Отлично. Потому что снова я возбудился. Говорю Надечке:
– Ты уж прости, сердце моё. Но сейчас я снова изменю тебе. – и показываю рожки на своей голове, – С этой визгливой сисястой коровой. И пусть у неё куночка не столь плотно облегает моего жеребца, но зато сиськи большие! И очень чувствительные! Вон, как она в визге заходится!
Надюша моя начинает снова трясти своей цепью, рыдать от бессилья, и поливать меня отборным матом. А ничего – пусть её. Я от её ругани и плача только ещё сильней возбуждаюсь. Да и то, что она как бы является единственной зрительницей на моих «спектаклях» – придаёт этакой пикантности ситуации! И, рано или поздно, я, после того, как прикончу очередную жертву, займусь вплотную и Надечкой.
А то стала она в последнее время тоже поднадоедать мне. Уж больно однообразный у неё лексикон. И куночка её – уже меня не так… Да, не так!
Всё хорошо, пока не утратило элемента новизны!
Вот! Именно для этого я и казню уже двенадцатую жертву!

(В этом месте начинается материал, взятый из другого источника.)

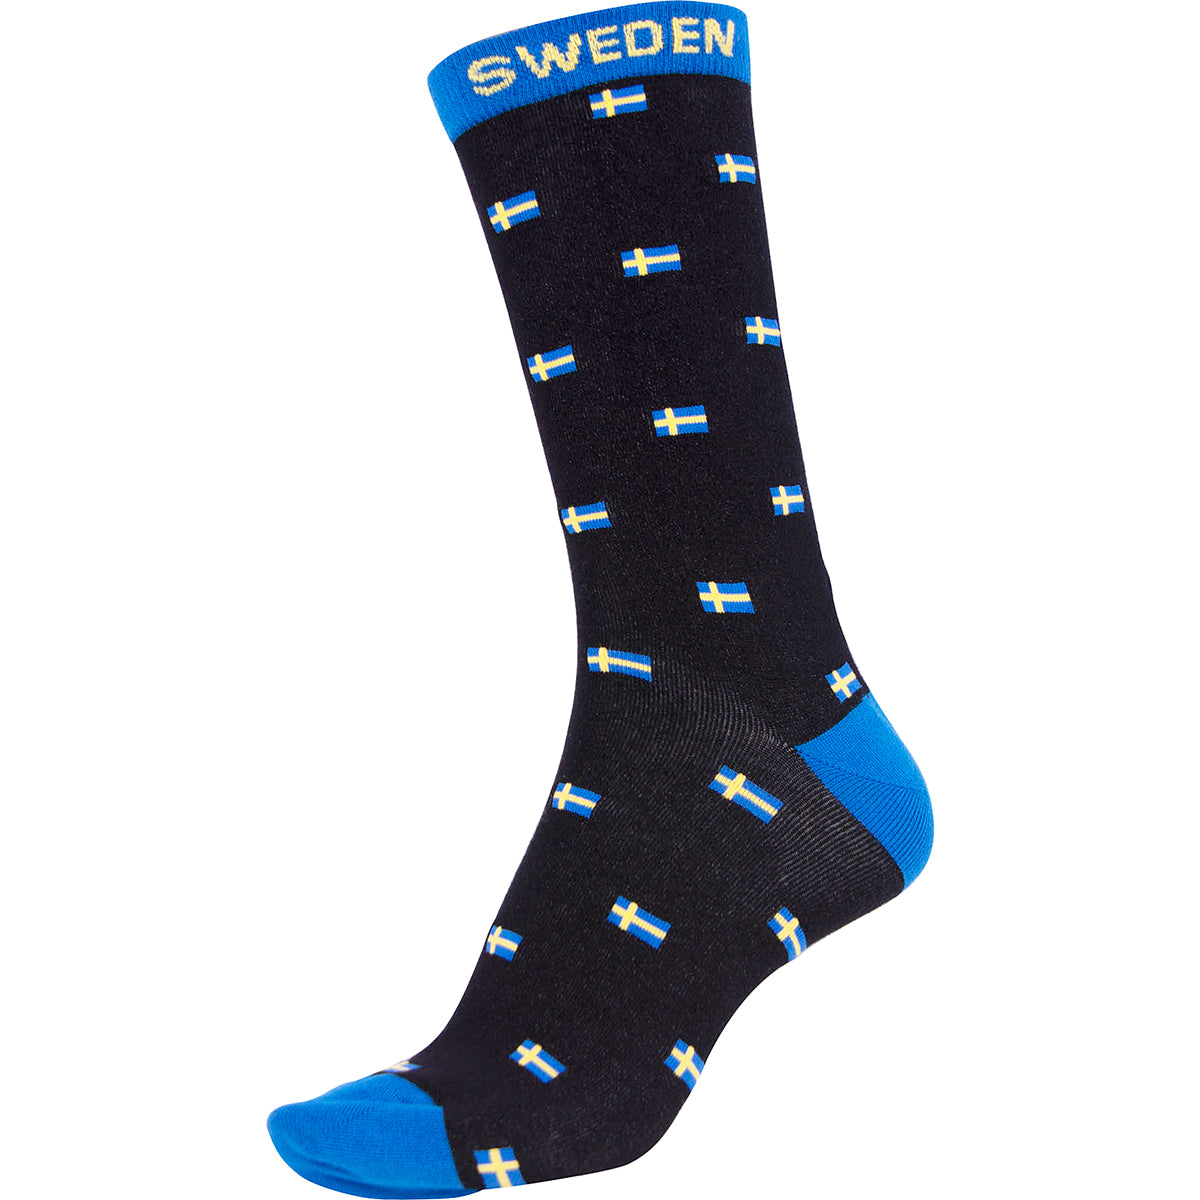 Strumpor med Svensk Flagga  - Socks with Swedish Flags

Ну а пока подхожу я снова к промежности распятой женщины. Проверяю, как там её растянутые противовесами ножки. И бёдра.
Трепещут. Это хорошо.
Потому что снова подношу я к ним поближе свою жаровню с гвоздочками.
И начинаю их, раскалённых до красна, вставлять в мягкую и особо чувствительную внутреннюю поверхность этих самых бёдер. А гвоздочки на этот раз – не какие-нибудь восьмидесятки. А – двухсотки! Мощные – миллиметров пять. И в тонких местах, у коленочек, прожигают её ножки – насквозь!

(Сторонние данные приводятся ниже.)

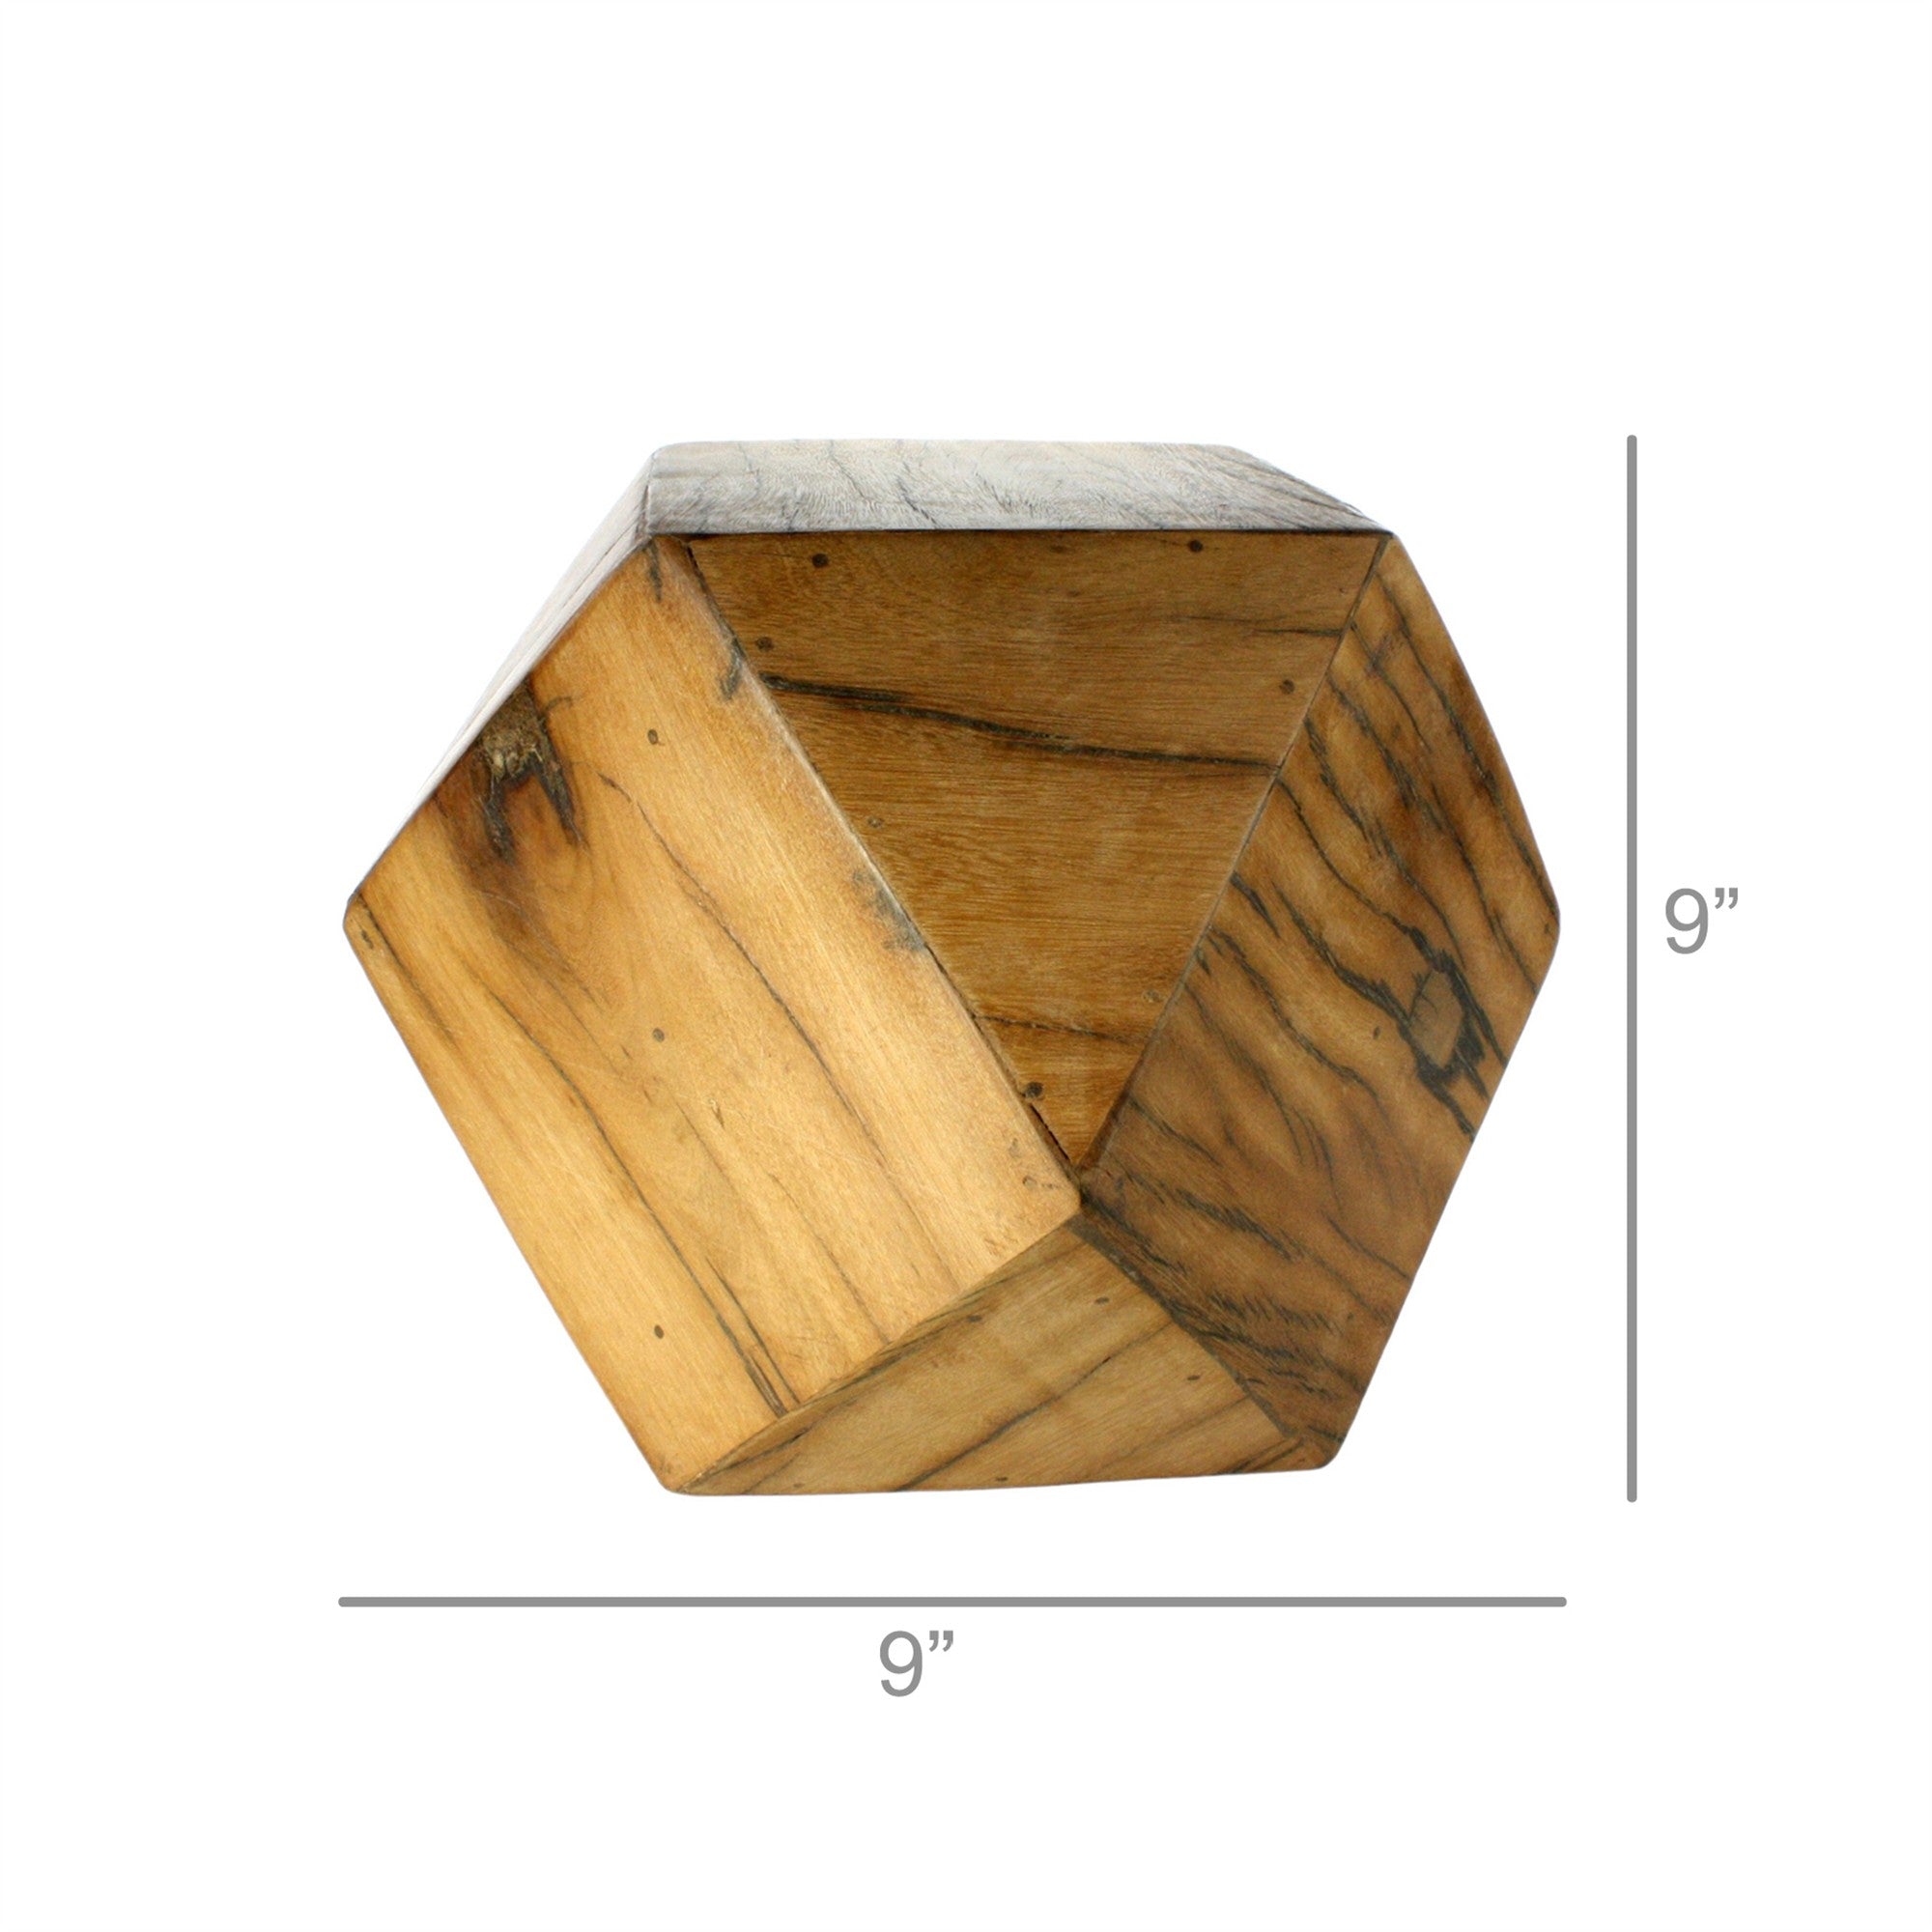 Wooden Geometric Sculpture

Запах горелого мяса вблизи – поистине вызывает у меня бурю эмоций! И неприятен, и возбуждает – ещё «круче», чем струбцины, сжимающие посиневшие большие груди! Ах, это непередаваемое ощущение – властвовать над самым совершенным творением, что создала Природа – как раз для возбуждения нас, бедных мужчин! Ну, всё верно: инстинкт размножения…

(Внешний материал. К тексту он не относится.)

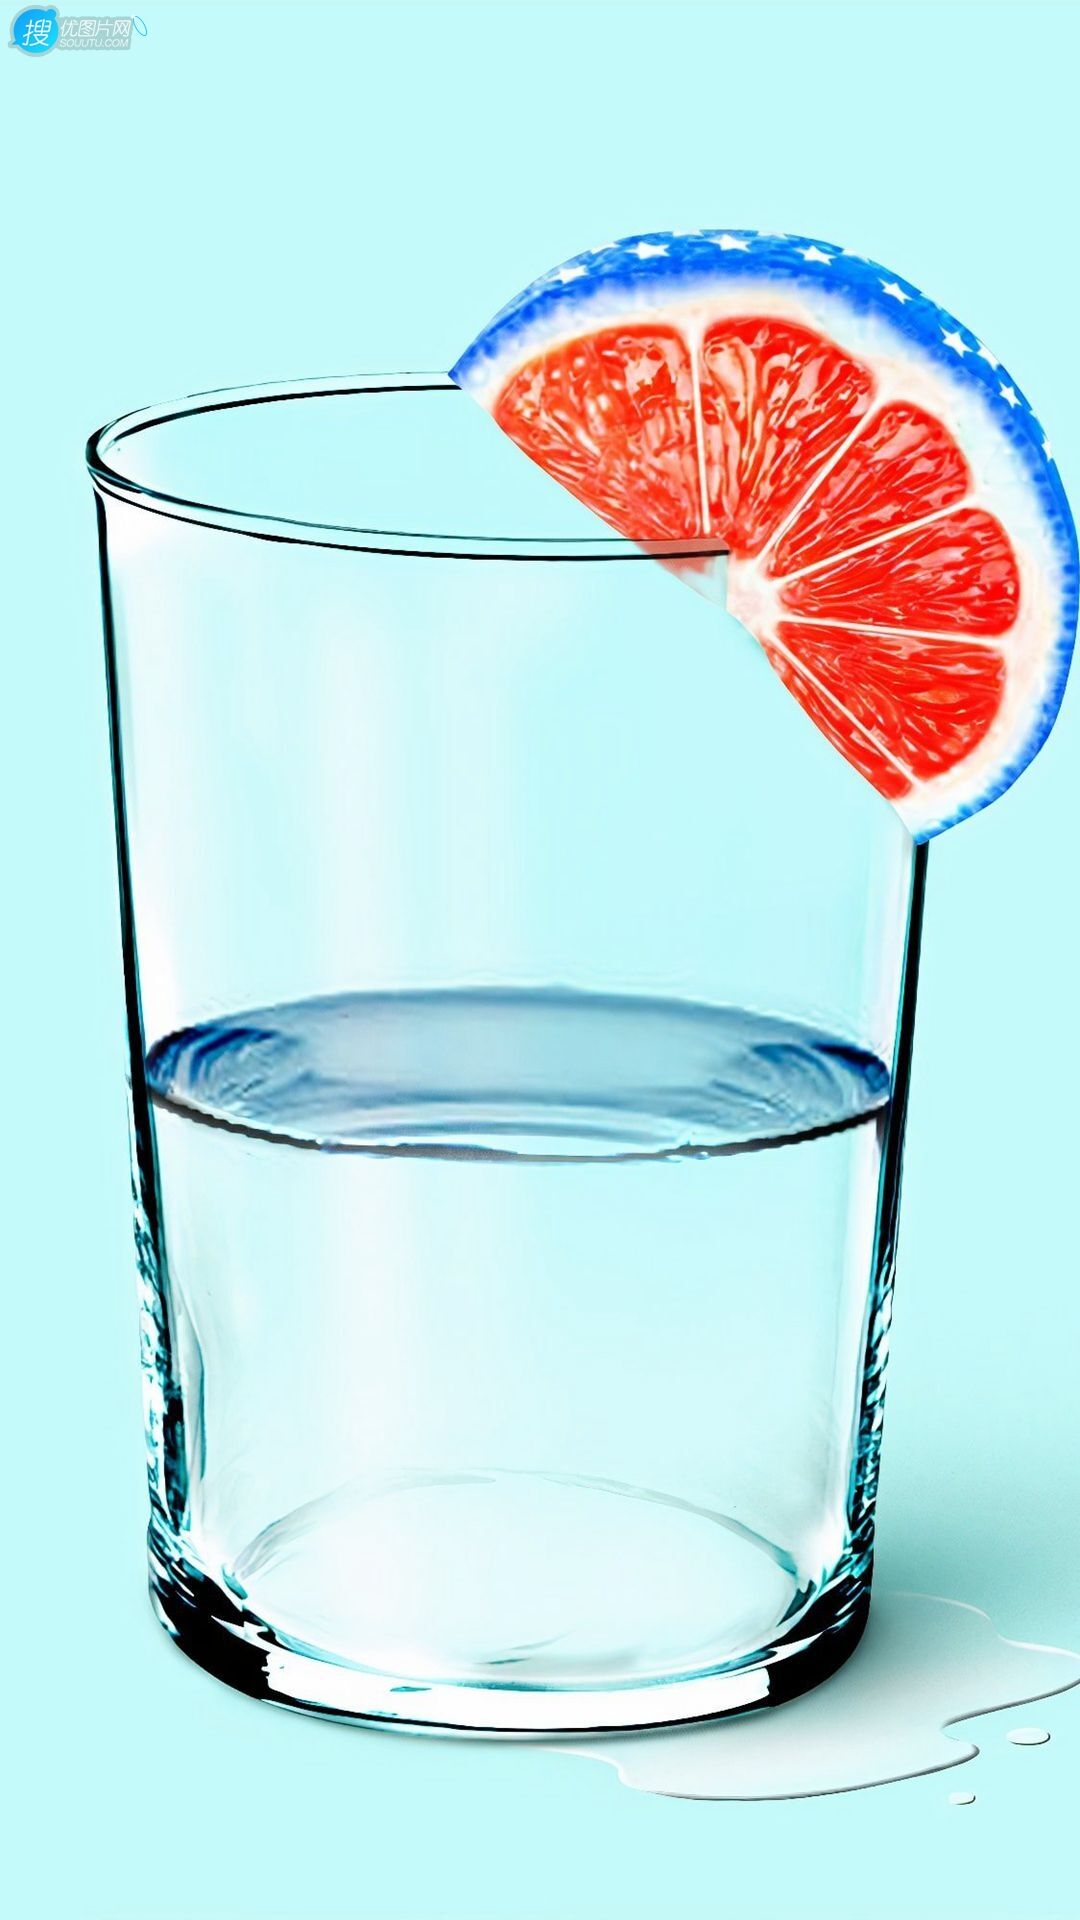 玻璃杯，半杯水，橙片，蓝色小清新养眼手机壁纸图片

Но вот все пятьдесят гвоздочков и воткнуты в её плоть – по самые шляпки!
Теперь подтягиваю ещё немного винты струбцин – но – немного! Мне главное – чтоб эта дурочка не отключилась, как после первого раза. А то трахать бесчувственное бревно – мне совсем не улыбается! А так – визжит, задыхается, но – в сознании!
Эффект есть: воспряло моё естество.
Вставляю его, куда положено. Начинаю неторопливо – темп повысить нужно будет к концу. А пока – прочувствую, как говорится, всю «глубину» и податливость её горячей, словно кипяток, трепещущей, и конвульсивно сокращающейся, кошечки.
Когда бёдрами случайно задеваю шляпки вонзённых в бёдра гвоздей, эта дама начинает извиваться, стонать, и визжать ещё сильней.